There is nothing more magnificent than seeing a sailing ship in full sail, something that has captivated me since my first encounter with the silhouette of a brig used as the logo of the Old Spice brand of men’s toiletries. Rigged sailing ships are quite rarely seen these days, with sail having given way to steam and then diesel for more than a century, and they are always something that I try not to miss. In the space of a few short months, we in Singapore are actually quite fortunate to see four beautiful examples, a tall ship, two ketches and a replica of a 9th century Arab dhow. On the other hand, their steel hulled cousins are quite common in Singapore, being one of the busiest ports in the world, and they are all too common I guess, so much so that we don’t bat an eyelid on seeing them anchored off our shores or navigating through a channel. There are a few amongst them that I have my own encounters with as well, some of which are featured on this page together with their fully rigged cousins. They have their charms as well, some with fine and graceful lines which allow them to cut through the waves, others with unique features … charms of a woman some may say, after all, a ship is called a “she”. This brings to mind the big question that begs an answer: Why is a ship a “she”? There are of course many explanations: some which trace this back to the influence of language on the gender of words, some which are rather amusing. My favourite is the one that is offered by the late Admiral Chester W. Nimitz: “A ship is always referred to as ‘she’ because it costs so much to keep one in paint and powder.” There is a variation on this that dates back to the days of sail which goes: “A ship is a she because it costs more to fit her out with her adornments than the worth of what is under the adornments”. Whatever it is, it is as nice to appreciate a beautiful ship as it is a beautiful lady.

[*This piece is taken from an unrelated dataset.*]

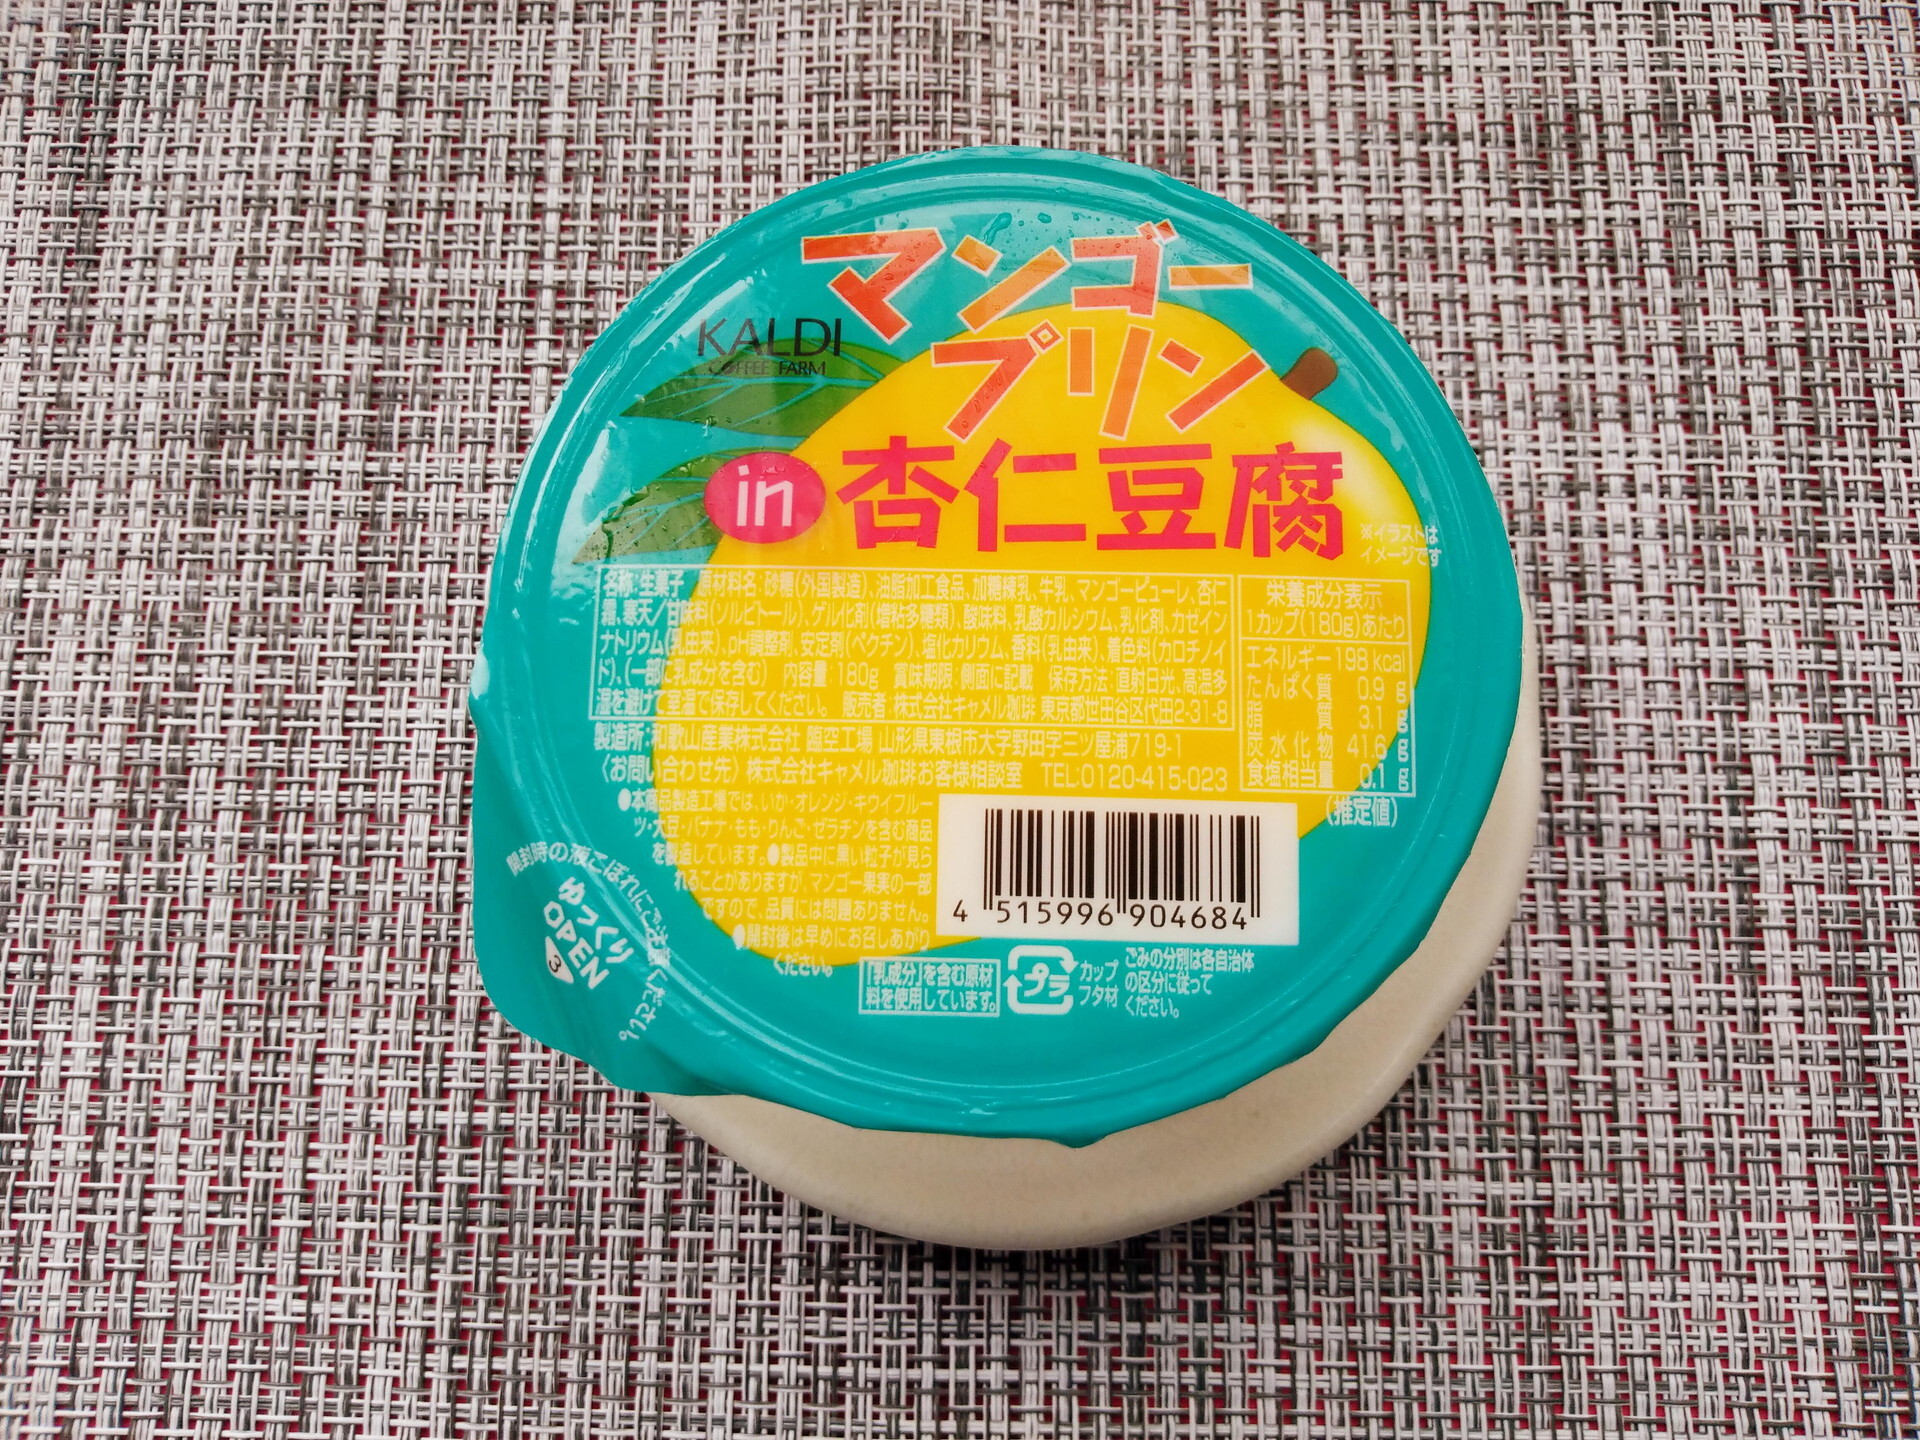 カルディ「マンゴープリン in杏仁豆腐」

The Russian Mechant Navy Tall Ship STS Pallada

The Pallada is the fastest Tall Ship with a maximum speed of 18.7 knots under sails and was built in 1989 by Stocznia Gdańska. The 106m ship has a main mast of 49.5 metres and is named after the Greek goddess Pallas Athena. She has 26 sails with a total area of 2771 square metres.

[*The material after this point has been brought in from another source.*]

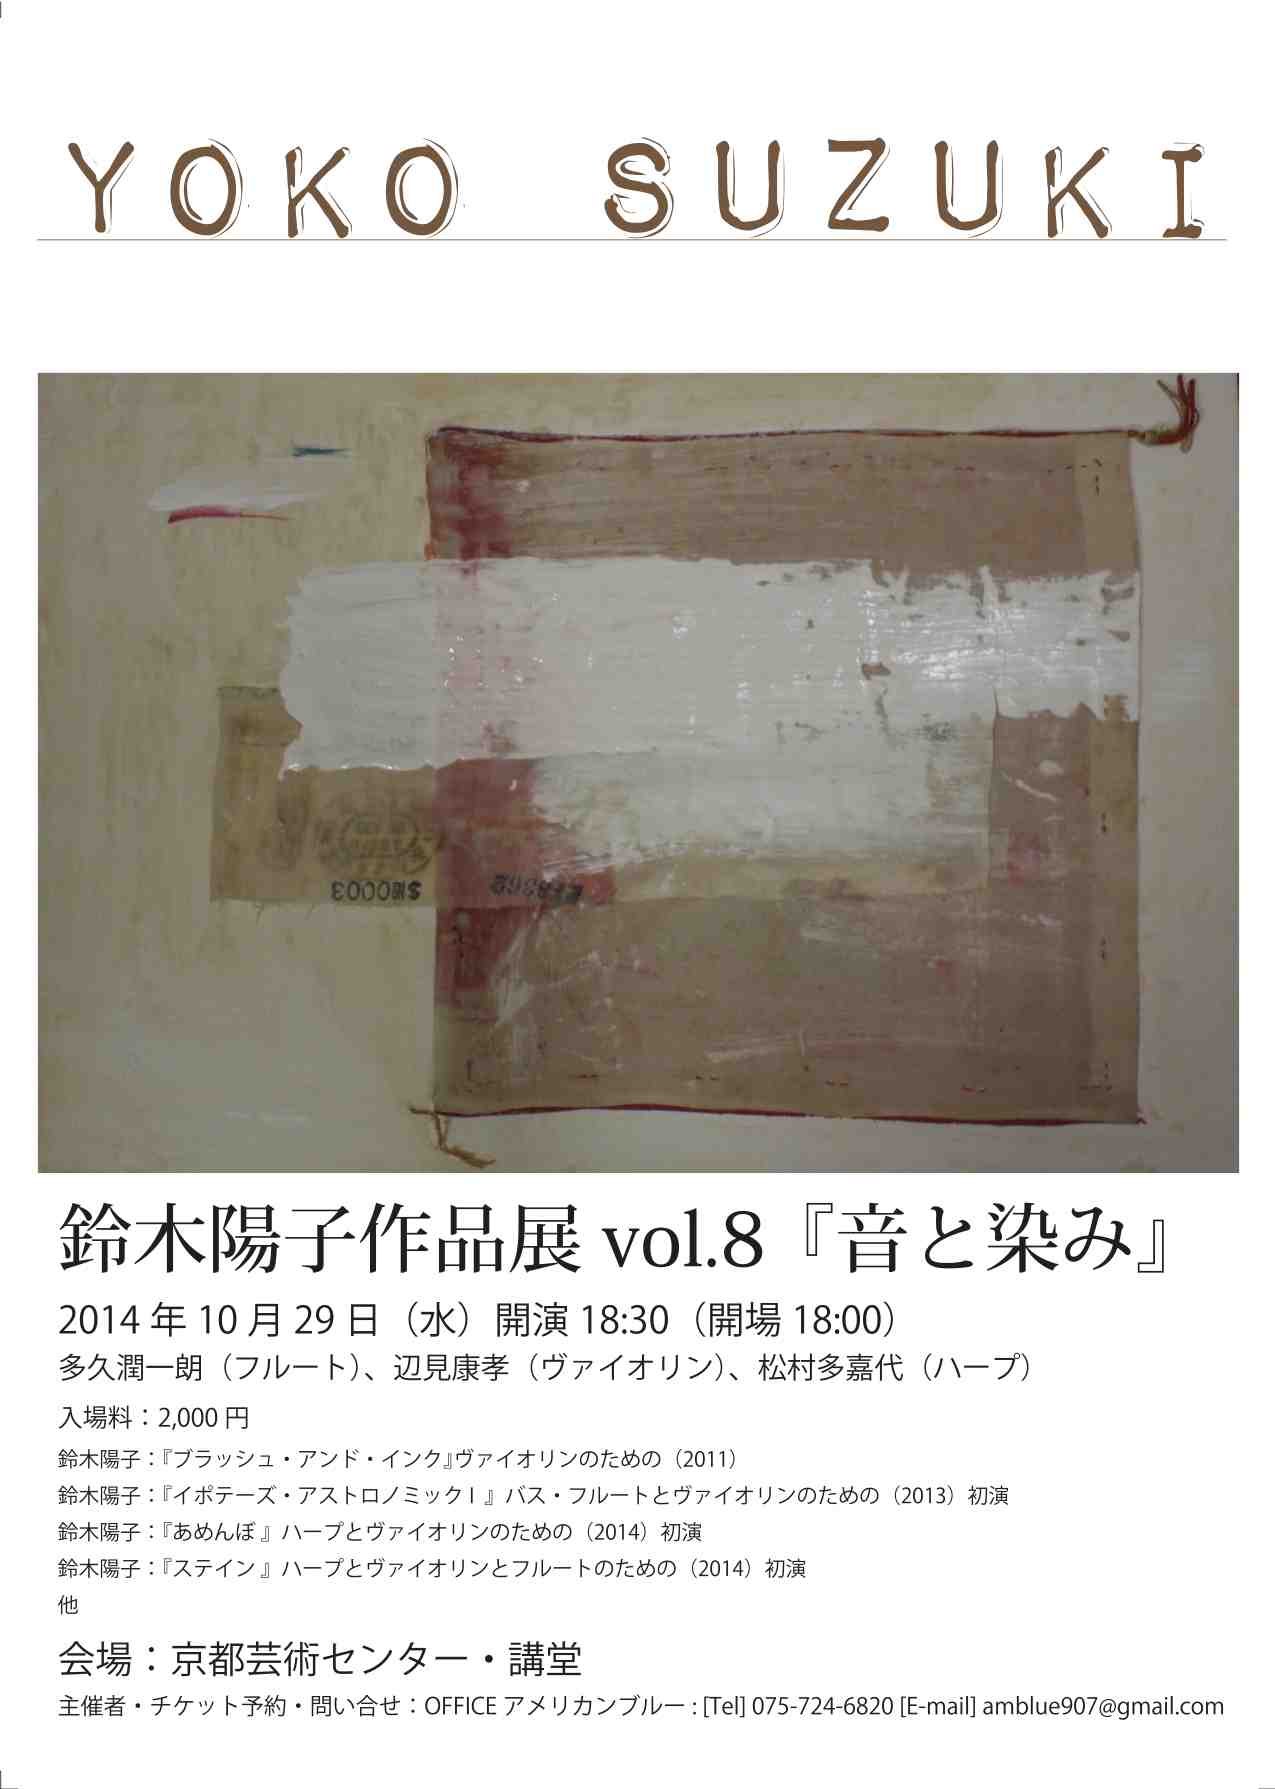 鈴木陽子作品展vol.8『音と染み』

There would certainly have been a mutiny on this Bounty …

A cruise around Victoria Harbour in Hong Kong in the company of four lovely ladies.

The Vega: A historical top sail ketch built in 1893

The Vega is a 117 year old ketch with a hull of teak, oak and pine, built originally as an open decked stone and slate carrier in 1893 in Hardanger, Norway, and rebuilt in 1905 and restored in Denmark in 1995. She is now used in humanitarian missions in the region.

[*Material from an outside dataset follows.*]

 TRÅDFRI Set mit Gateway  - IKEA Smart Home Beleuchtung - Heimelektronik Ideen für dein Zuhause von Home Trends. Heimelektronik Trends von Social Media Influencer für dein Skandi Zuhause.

A second date with the 117 year old Vega

A second visit to the Vega, this time at Raffles Marina on 5 Nov 2010, with more information on the humanitarian missions she is involved in.

The Cariad: photographs aboard another historical top sail ketch, built in 1896

The Cariad, a racing ketch, was built by Summers & Payne in Southampton for a Lord Dunraven in 1896. She had a full restoration in Korat, Thailand. Designed by A. E. Payne, she has an length overall of 118 feet.

Singapore welcomes the Jewel of Muscat

The 18 metre replica of a 9th century dhow, a gift from Oman to Singapore has been constructed without the use of nails, with planks held together with coconut fibre, and protected by goat fat mixed with lime. She would be the centrepiece of Resorts World Sentosa’s Maritime Xperiential Museum scheduled to open in 2011.

An adventure on the MV Kimanis in the 1970s

A ten year old’s experience onboard a cargo liner from the old school in 1975 on a voyage to Port Swettenham.

The Star Ferry

Where life comes to a standstill for nine minutes in Hong Kong.

A ship of the future: Wing-In Ground Effect Craft

Fancy travelling at speeds close to 100 knots over the water?

The RSS Fearless: the first indigenously designed warship

Background on the 55 metre waterjet propelled Patrol Vessel in service with the Republic of Singapore Navy

Life in the ‘fast-lane’: on the vehicle deck of a RORO Ship

A visit to the vehicle decks of the RORO ship the Ville de Bordeaux in St. Nazaire. The Ville de Bordeaux is the first ship that is built to transport airplane parts and can also be adapted to carry vehicular cargo.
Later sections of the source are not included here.